Ведущая прошла по рядам, предлагая микрофон сидящим, и один из допризывников ответил:
- Я - с детства. Мне многое рассказывал дед, он воевал, рассказывал отец, ребята.
- Как вы представляете армию, что ждете от нее? - вопрос от группы десантников.
- Хочу выполнить свой долг, выработать силу воли, стать настоящим мужчиной. Каждый должен выполнить свой долг.
Один из 'афганцев':
- Кода уходил, хотелось увидеть, познать новое. Попал в учебку. По окончании спросили: 'Кто желает в Афганистан?'. Заявления написали почти все. Не все попали. Я попал.
- Были те, кто не написал?
- Были.
- Были моменты, когда было страшно?
- Были. Возвращались в батальон. Обстреляли. Машина горела. Были убитые.
Другие молчали. Встал майор, офицер запаса, 'афганец':
- Было страшно, ребята. Не верьте, что не бывает страшно. Умирать никто не хочет. Каждый пытается сберечь свою жизнь. Но один умеет спрятать страх, помнит о чести и долге, другого же страх лишает всего человеческого. Нужно до конца оставаться человеком, даже если цена этому - жизнь.
Видеокассета: десантники в форме бегут и, если говорить словами Высоцкого, 'стреляют, прыгают - с ума сойти!'
Комментарий 'афганца':
- Ребята, нам часто по телевизору крутят 'показуху'. Наш прапорщик называл передачу 'Служу Советскому Союзу' передачей 'В гостях у сказки'. Красивостей в армии мало. На операции в беретах не ходят. Одежда пестрая. Мы ходили на операции кто в сапогах, кто в полусапогах, в маскхалате, в комбинезоне, в 'хэбэ'.
- Была ли в Афганистане дедовщина?
- В Союзе что-то было, в Афгане - нет. Мы там были одна семья.
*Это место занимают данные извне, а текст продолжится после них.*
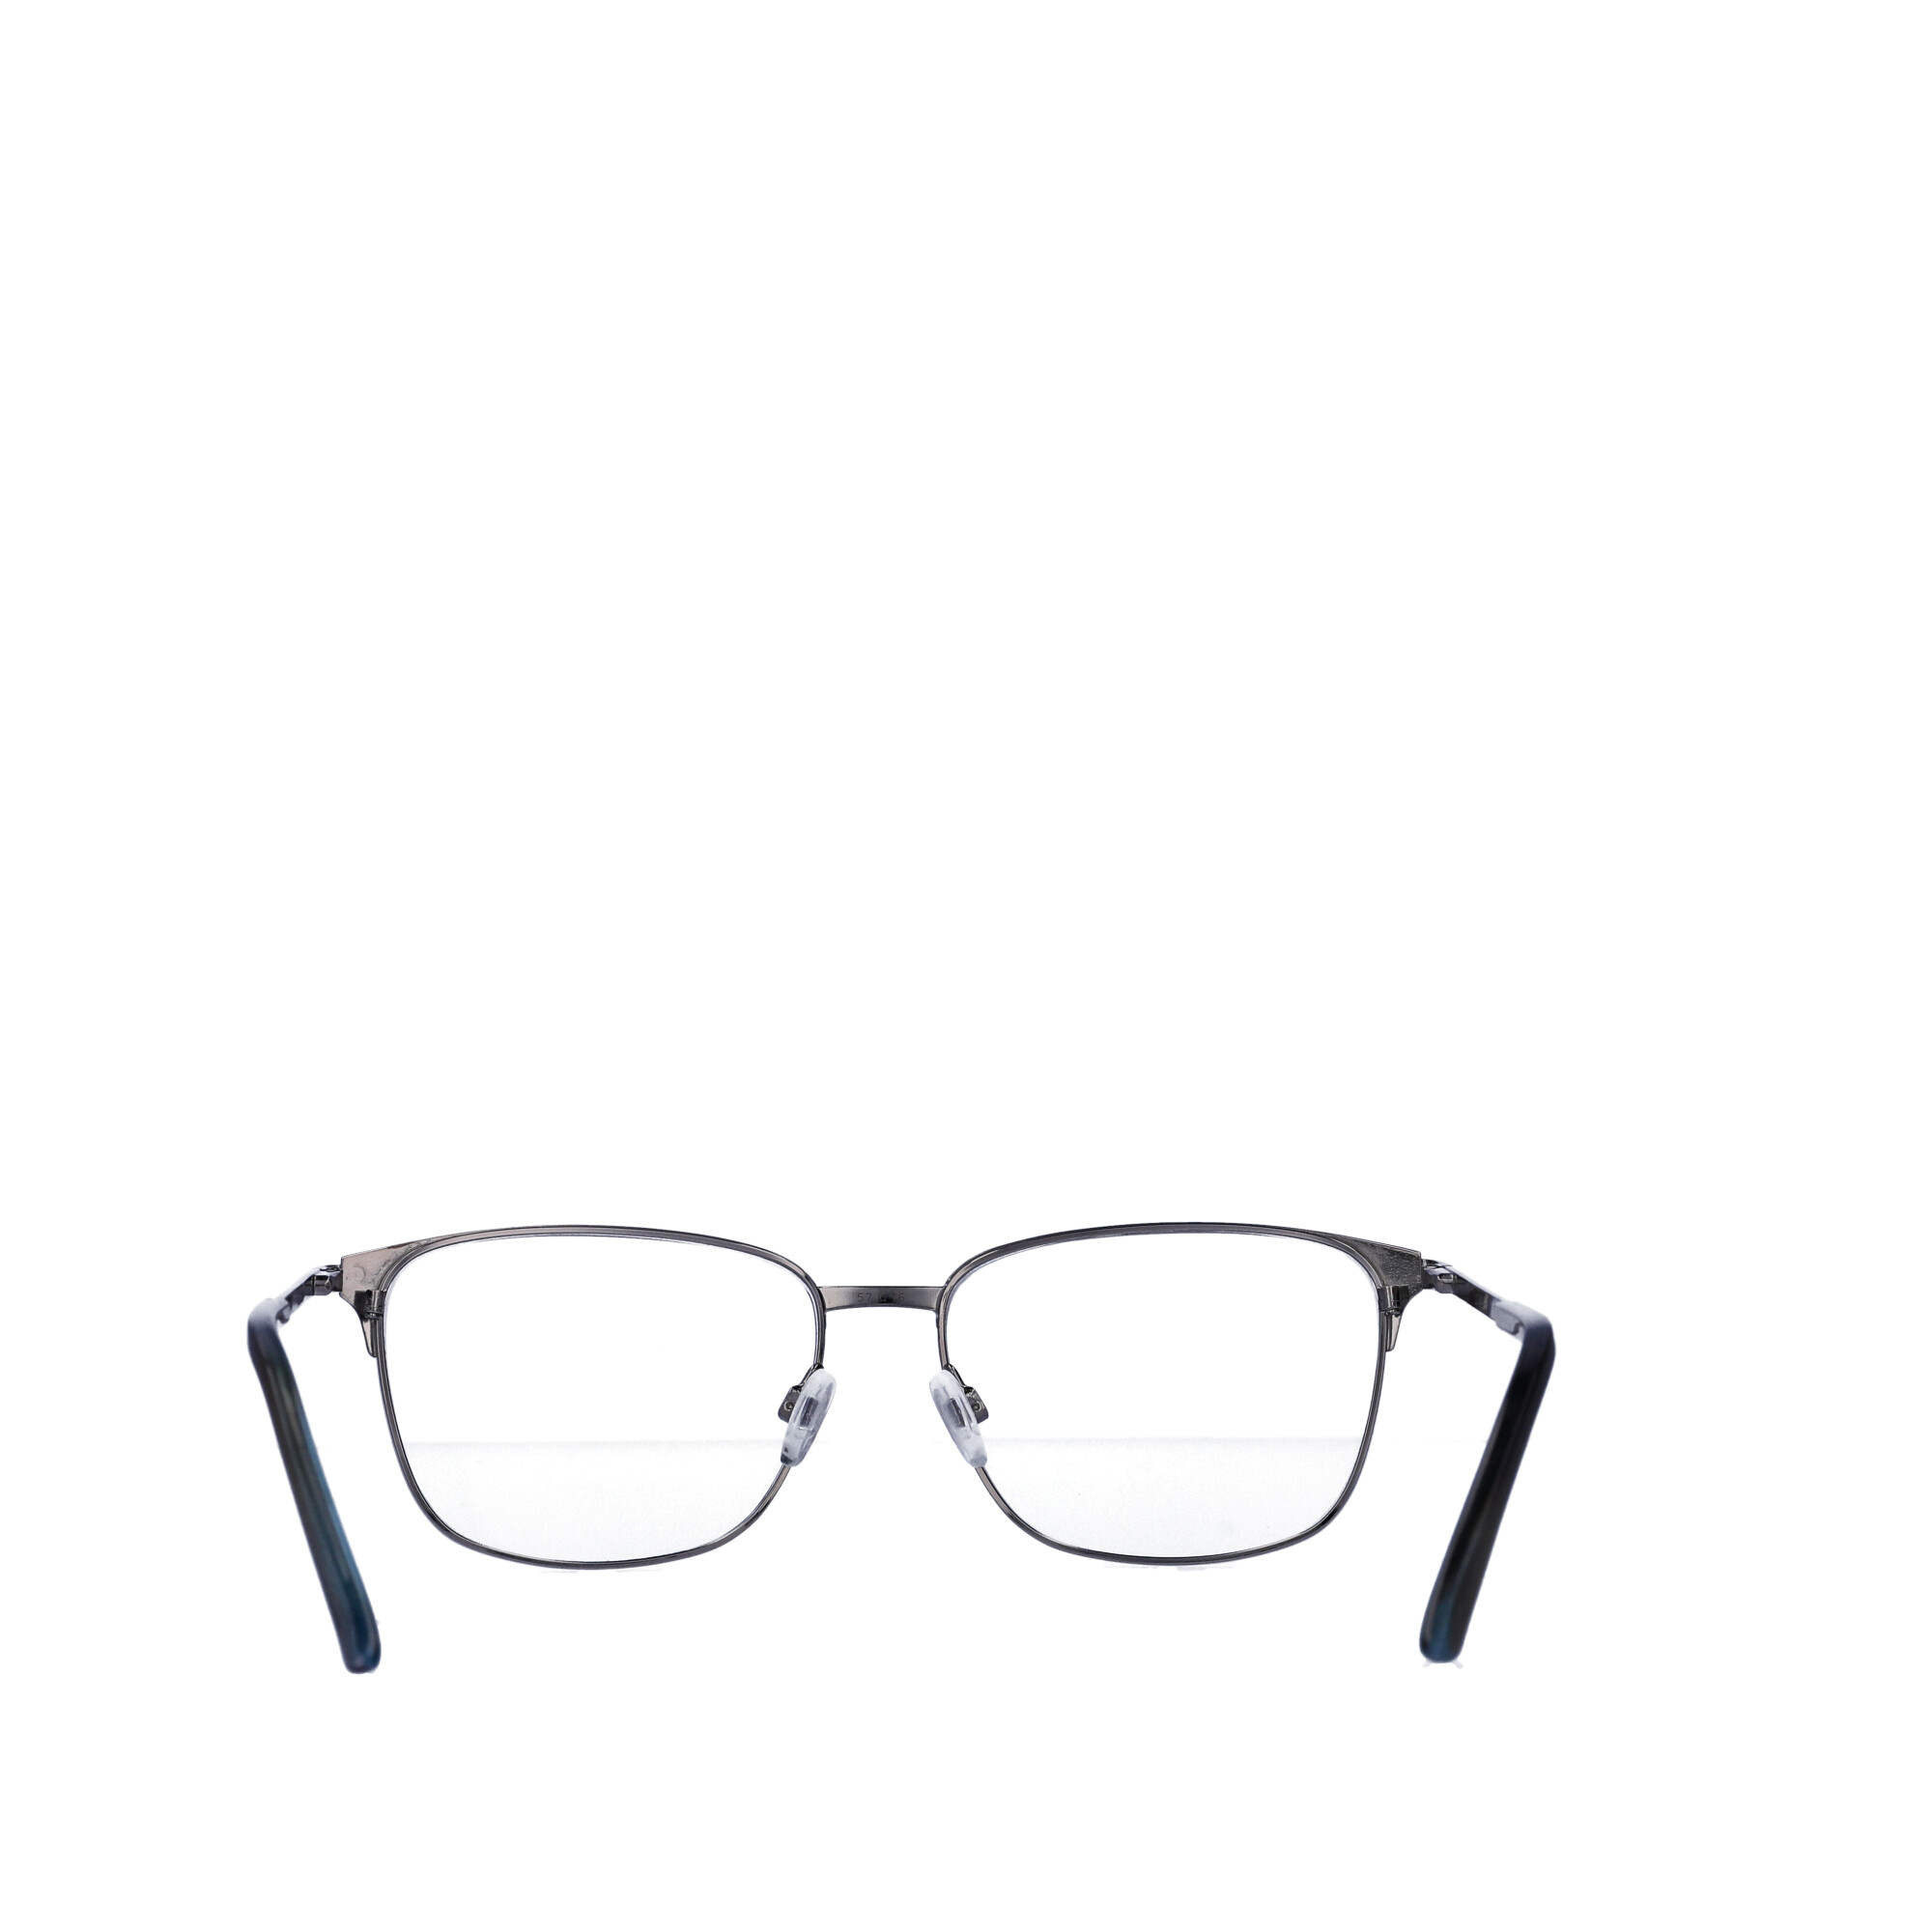 Walmart Men's Rx'able Eyeglasses, Mop44, Black Silver, 57-16-150 - image 3 of 13

В Афганистане дедовщину по-другому называют: дембелизм. На базе дембелизм может как-то и проявлялся, в боевой обстановке - нет. На операции шел в основном дембель, тот, кому скоро домой. Если не убьют. Молодых старались не брать.
- Жалели?
- Жалости не было: он такой же солдат, как и я, как мой друг. Просто меньше знает, меньше умеет. Дембель учил, поучал. Старался, чтобы молодой выжил. Для Родины. Для России. Чтобы дембель сзади шел - такого не было.
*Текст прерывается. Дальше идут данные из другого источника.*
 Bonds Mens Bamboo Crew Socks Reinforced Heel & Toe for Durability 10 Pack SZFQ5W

По рукам идут три предмета, и ведущая просит рассказать о них бывших воинов. Те улыбаются: нитки и иголка - нужнейшие на службе предметы, трубка из-под капельницы, скрепленная пулей - амулет 'жизнь'. В трубке данные: кто ты, когда родился. Ее носили при себе. Фляжка - в ней и радость, и жизнь, и все вместе. Иной раз и по две фляжки брали на задание: глоток воды - глоток силы и бодрости.
- Как вы входили в мирную жизнь? - спрашивают допризывники.
- Ждали самолета - испытывали и радость, и огорчение. Огорчение оттого, что ребят оставляем. Заходили же в 'борт' - чуть не кричали от восторга. Будущее рисовалось розовым. И вот Ташкент. Оформление документов, первая встреча с бюрократизмом. Таксист толкует о том, что мяса нет, рыбой замучили. А нам эти заботы кажутся такой мелочностью бытия! Живем мы, в сущности, неплохо: хорошие дома, горячая вода, сносная одежда, пища. Там же - голод.
На экране слайды: Афганистан, разрисованный автобус, женщины на арбе в паранджах, десантники возвращающиеся с трофейным оружием.
- Ребята, смотрите, какая на нас неодинаковая одежда!
А это Сергей Ившин. Погиб. Он же до призыва - улыбка во все лицо. Это Шкляев Леонид - погиб. Это Кулябин Дима - последний, кого привезли в цинковом гробу. Дима же - первоклассник с цветами.
Матери погибшего Саши Петрова преподносят цветы. Она ответила просто и сердечно:
- Большое спасибо за то, что не забыли наших сыновей. Я тронута. Будьте счастливы и берегите свою Родину, как наши дети. Счастья вам.
Допризывников проводили до вокзала с оркестром.
С вокзала Георгий возвращался окруженный десятком крепких подростков, борцов, своих воспитанников, им через год-два предстояло повторить судьбу своих товарищей, отправиться в военкомат. А там как повезет - кому в Афган, кому на Камчатку, кому на Север. Он гордился своими воспитанниками: среди них были мастера спорта, чемпионы Урала, а один из них, Захар Владыкин, стал чемпионом мира среди юношей. Это был его любимый ученик, детдомовец, беспредельно преданный спорту, обладал исключительной реакцией, ловил каждое слово своего наставника, все упражнения выполнял с радостью. Среди сверстников равных ему не было, и Веселов перевел его в группу старших по возрасту. Его включили в сборную России, и он мог бы не служить в армии, получить 'бронь', ему предлагали это, но он настоял на службе. Военкомат предлагал ему Москву, клуб ЦСКА, он и от этого лестного предложения отказался. Сейчас воюет где-то в Газни. Регулярно пишет короткие письма, некому ему писать, кроме наставника. Георгий ждет эти письма и исправно отвечает: он понимает, что для солдата значит письмо с Родины. 'Что-то давно не было письма. Все ли хорошо с ним?' - подумал Георгий.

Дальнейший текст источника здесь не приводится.